The disadvantage of this device is the insufficient cooling of the live parts of the circuit breaker.

The objective of the proposed technical solution is to improve the cooling of the circuit breaker and thereby increase the current throughput of the high voltage vacuum circuit breaker. In addition, this solution allows to reduce bending loads on the vacuum chamber and thereby increase the reliability of its operation.

This problem is solved due to the fact that in the upper ends of both parts of the housing there are internal flanges, on which the upper terminal and the vacuum arcing chamber are fixed respectively on the upper, the lower terminal on the lower, in addition, the central holes are made in the inner flanges, and in the upper flange - additionally ventilation holes on the periphery, and the surface area of the lower terminal located in the projection of the central hole of the lower inner flange is smaller than the area of this hole, and the inner the diameter of the upper part of the insulating casing is made larger than the outer diameter of the arcing chamber. At the lower end of the upper part of the insulating casing, a ventilation hole is made in its lateral surface. The cooling radiator is installed at the upper end of the vacuum interrupter chamber. The upper fin part of the radiator is located above the additional ventilation openings. In the upper part of the insulating casing, a nozzle of insulating material is installed in which the cooling radiator is located. A radial groove is made on the inner flange of the lower part of the insulating casing, in which a guide pin is mounted, mounted on the lower terminal. On the inner flange of the lower part of the insulating casing a cylindrical protrusion is made, facing the lower end of the insulating casing. The movable contact rod and the insulation rod are connected by a hinge with the possibility of swinging the insulation rod on the axis of the joint. A hole is made in the lower terminal in which the conical sleeve is located, and in turn, a spacer sleeve is installed in it, the conical sleeve being connected by a flexible conductive connection to the sleeve fixed to the movable contact rod.

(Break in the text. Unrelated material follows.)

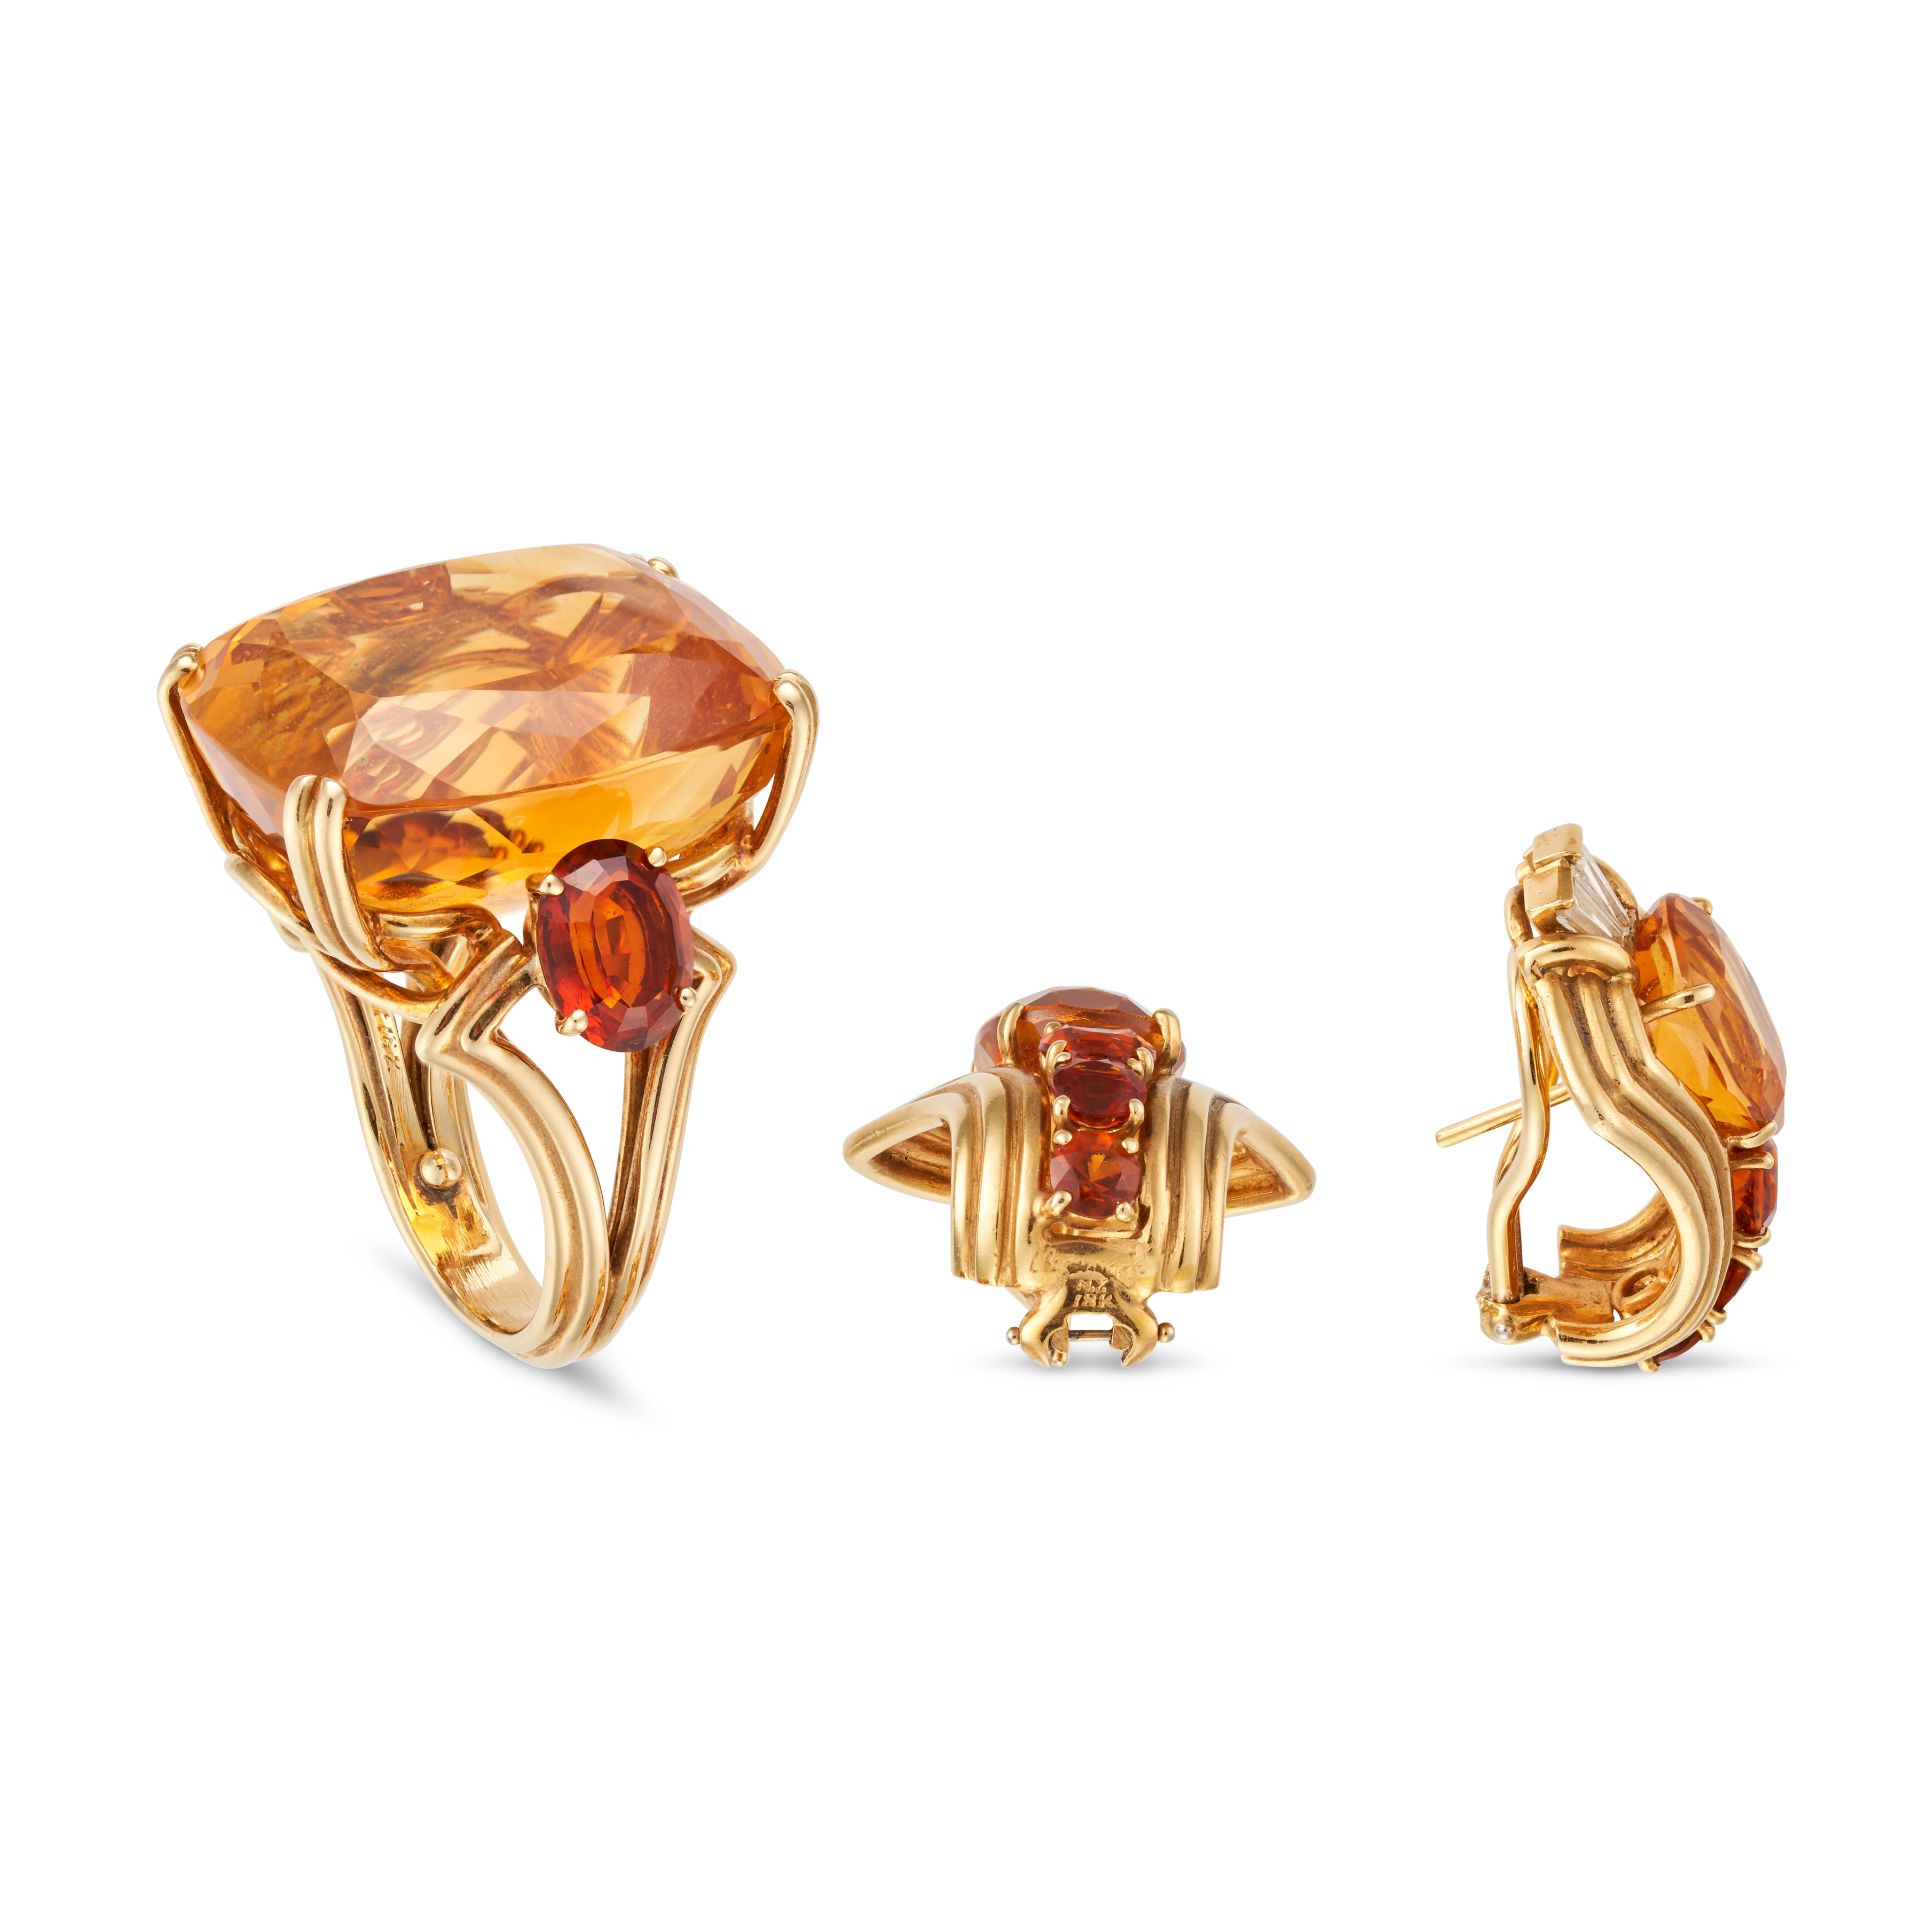 CHAUMET, A VINTAGE CITRINE AND DIAMOND RING AND EARRINGS SET in 18ct yellow gold, the earrings se... - Image 2 of 2

Located vertically, coaxially to the conveying chamber, the upper outlet consists of several cylindrical sections, the first of which is fixed with its lower end to the upper end of the vacuum arcing chamber, with its upper end pressed against the inner flange of the upper part of the insulating casing, the second section is located in the central hole of the inner flange, and the third section - in the nozzle of insulating material. On the periphery of the first section of the upper terminal, ribs are made.

The invention is illustrated by drawings.

Figure 1 shows a longitudinal section of a switch; figure 2 is a transverse section aa; figure 3 is a variant with a vertical arrangement of the upper output.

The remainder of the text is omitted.